**Exercise instructions**
Your answer must be the lines from the one containing "LED Modern Table" through the last line below, copied exactly, with no pictures.

(Supplied information begins)

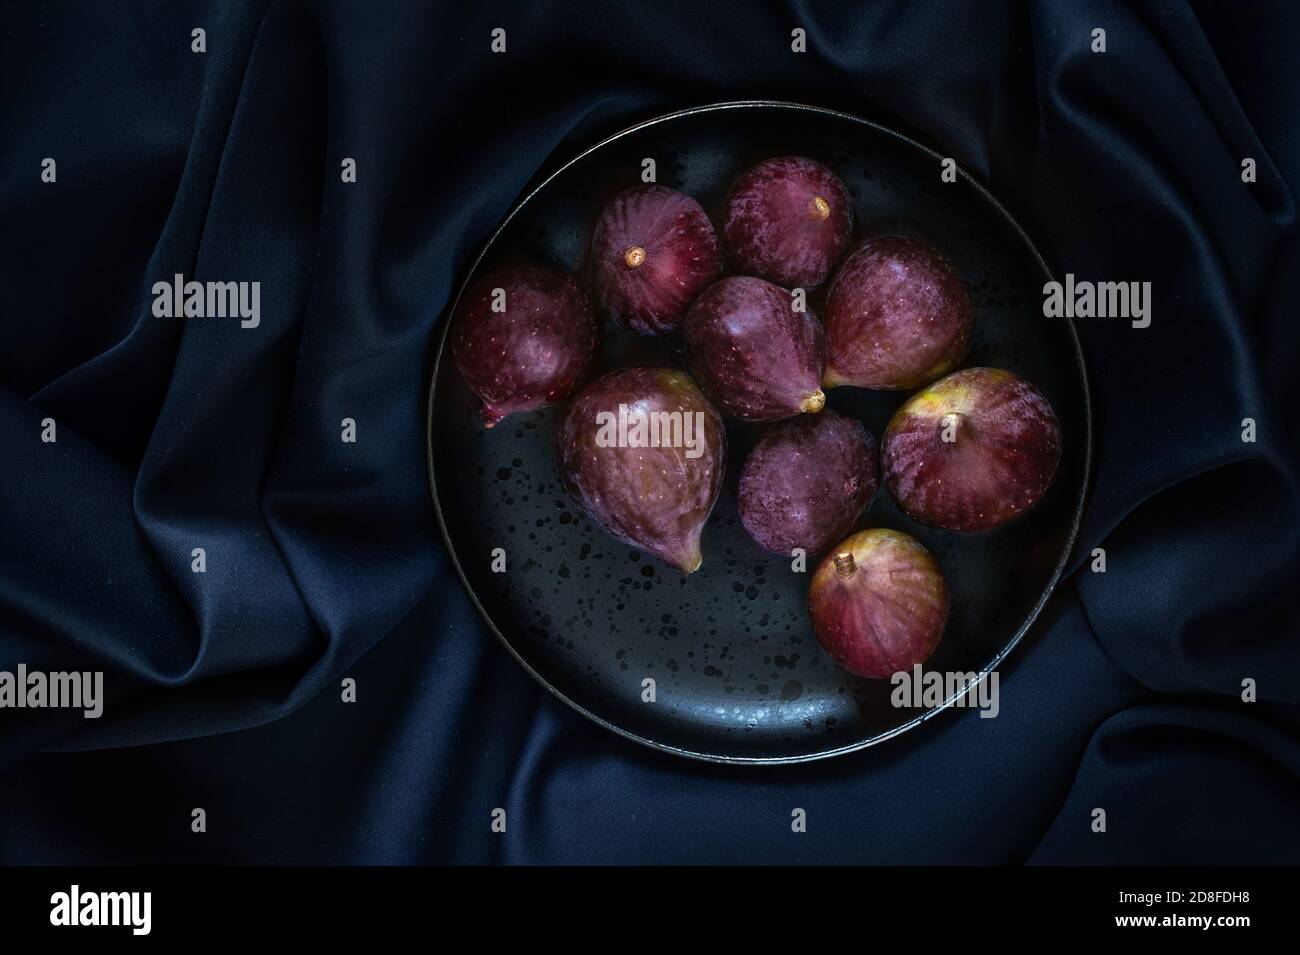 Fresh ripe figs on table black background. Dark Food photo Stock Photo
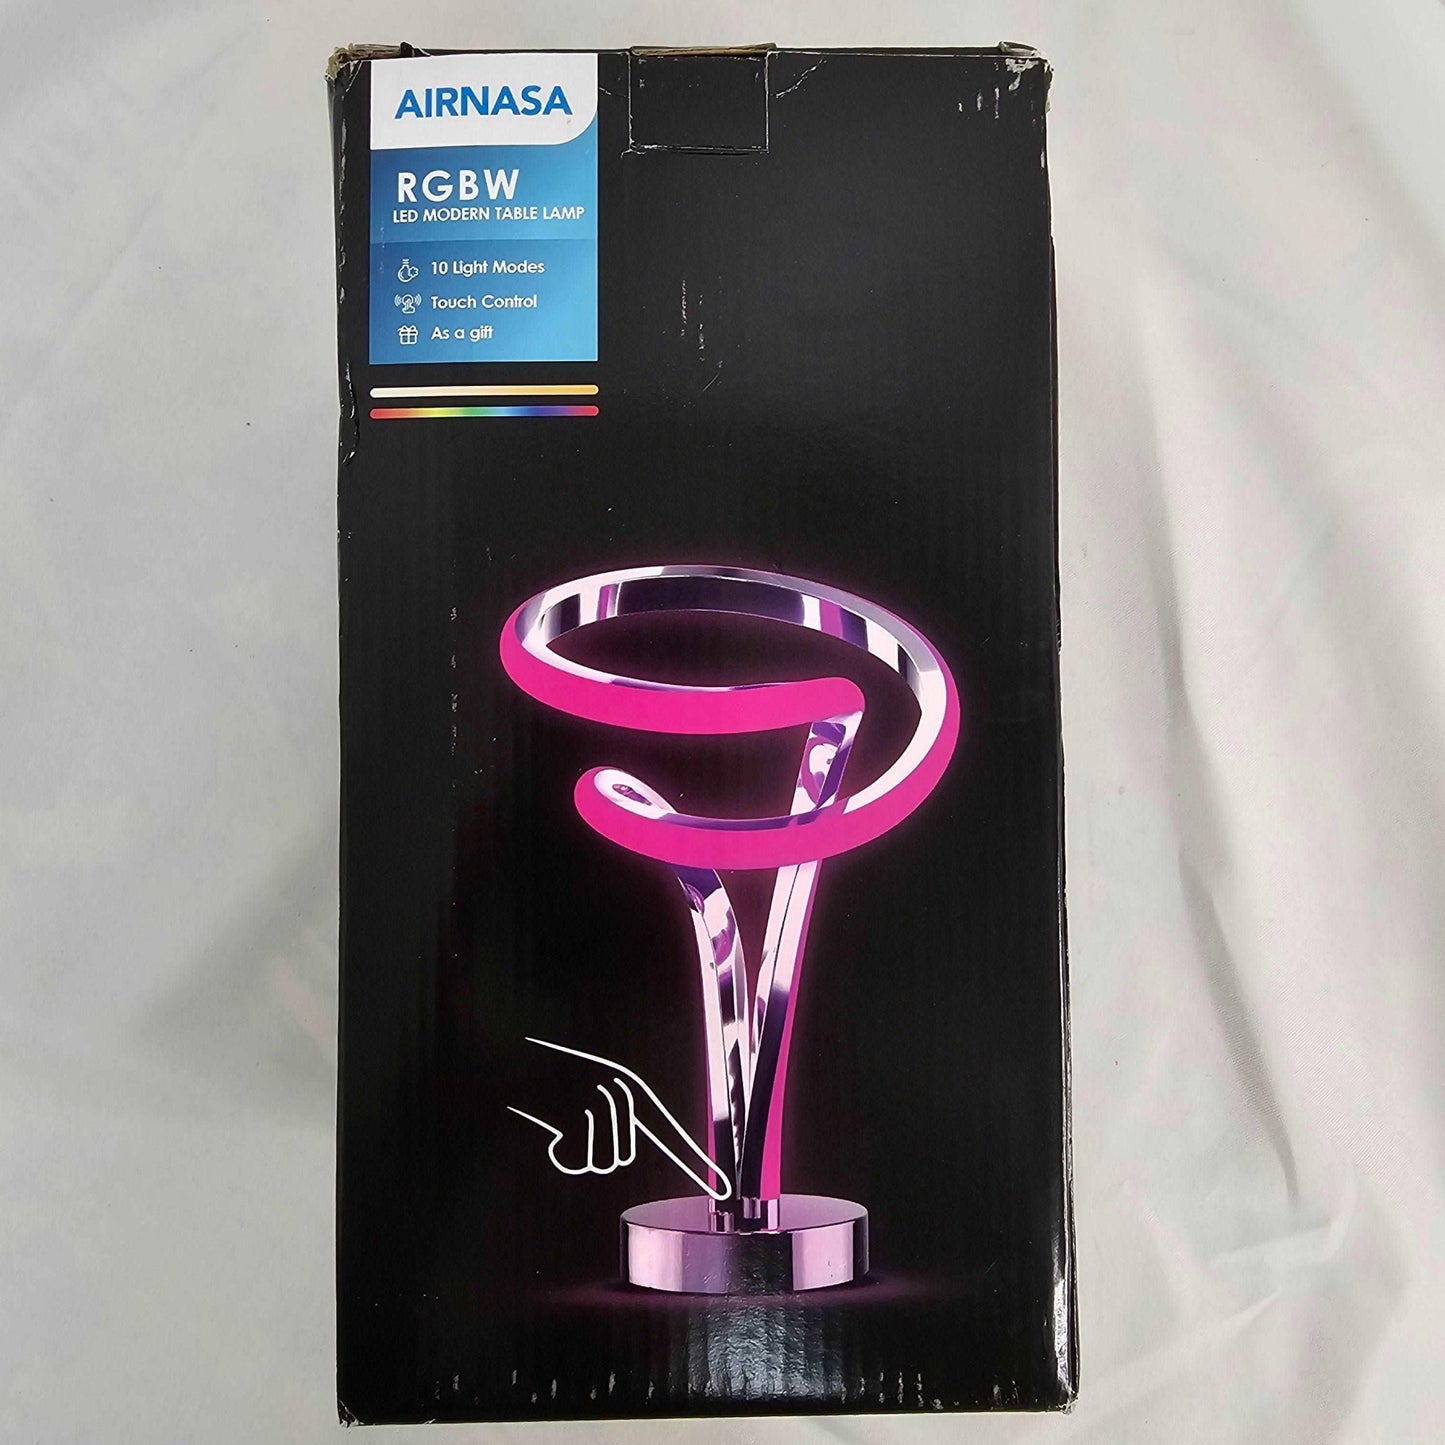 LED Modern Table Lamp Trophy Design Airnasa ‎MT7196-1 - DQ Distribution
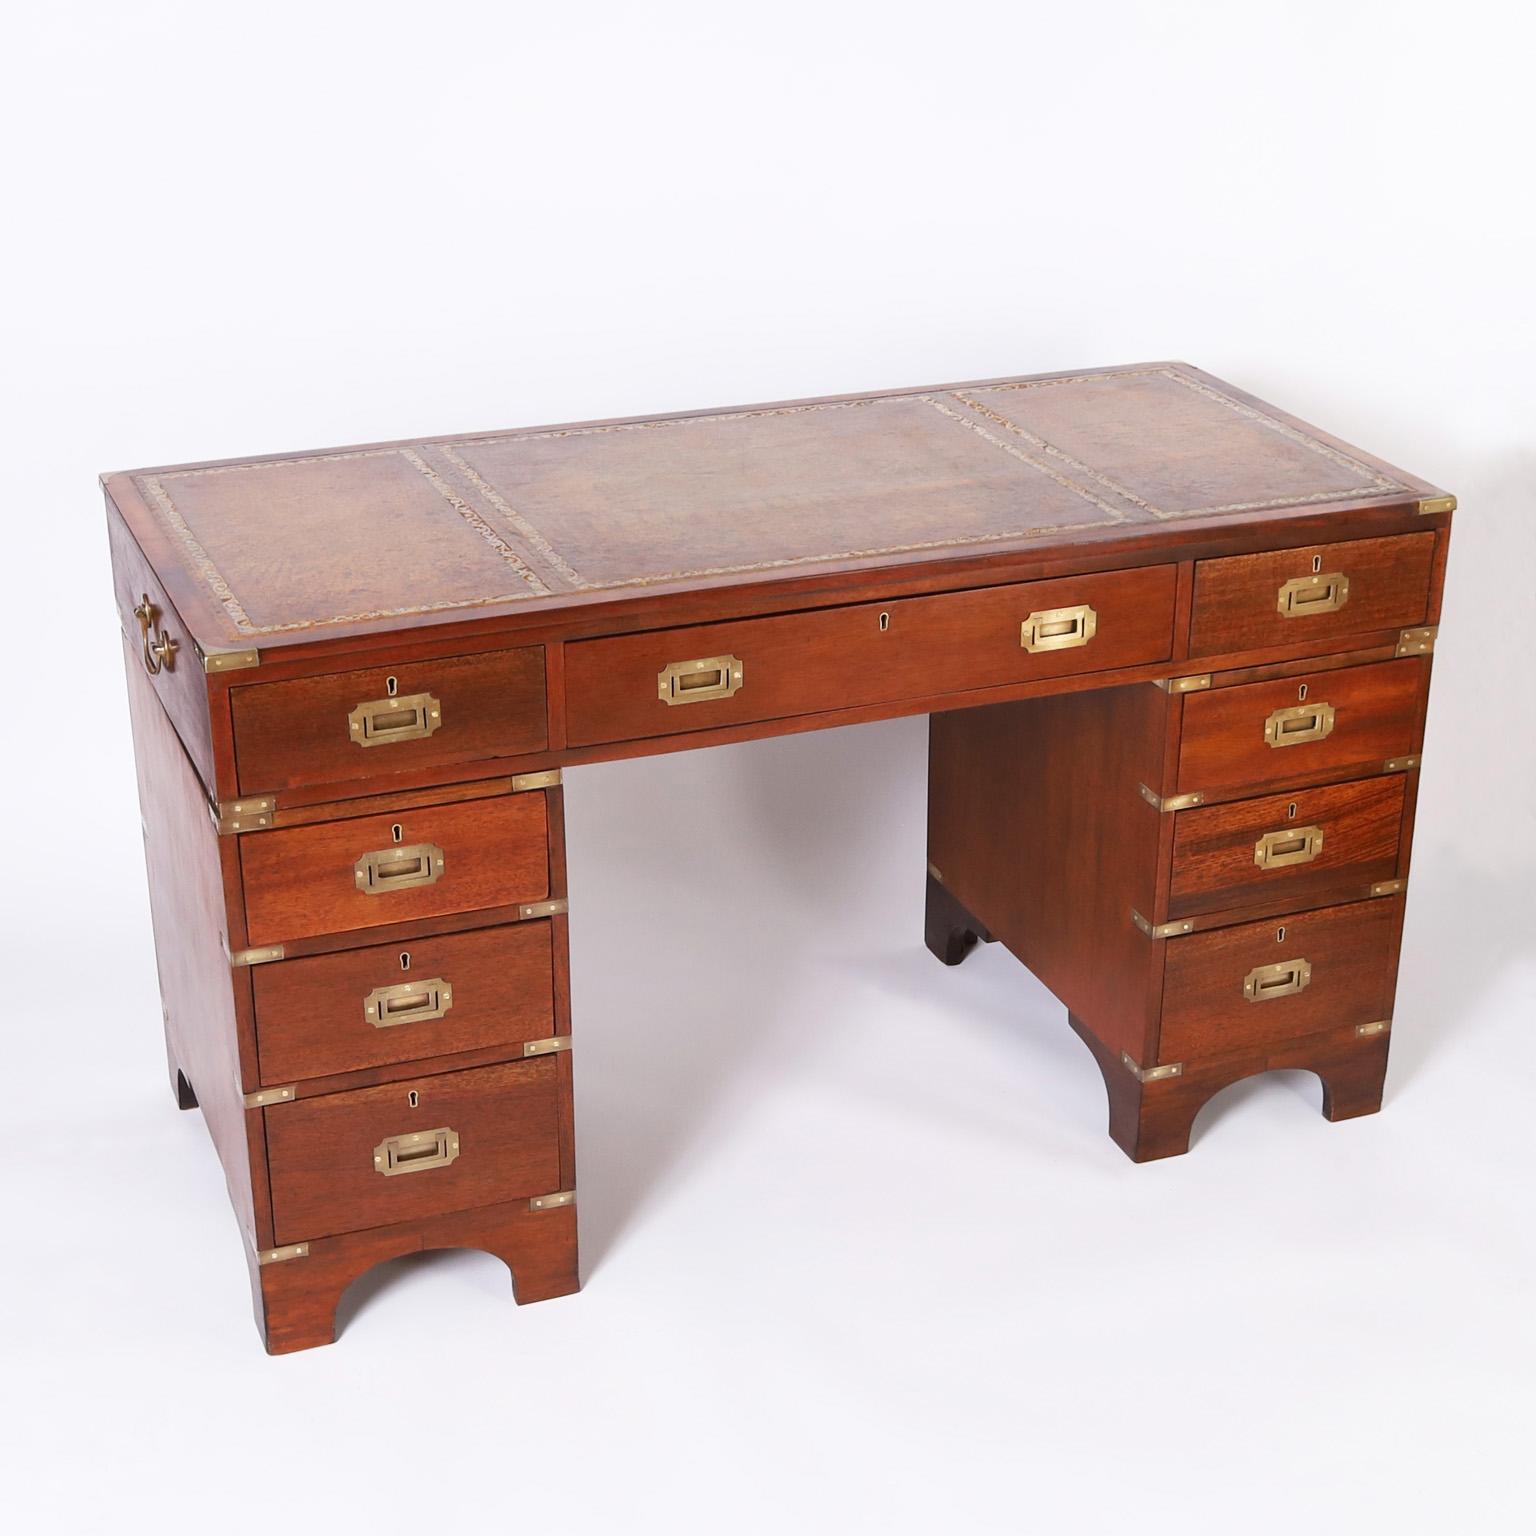 20th Century Antique English Campaign Leather Top Desk

(Supplied information ends)

**Output for this task**
 LED Modern Table Lamp Trophy Design Airnasa ‎MT7196-1 - DQ Distribution
 20th Century Antique English Campaign Leather Top Desk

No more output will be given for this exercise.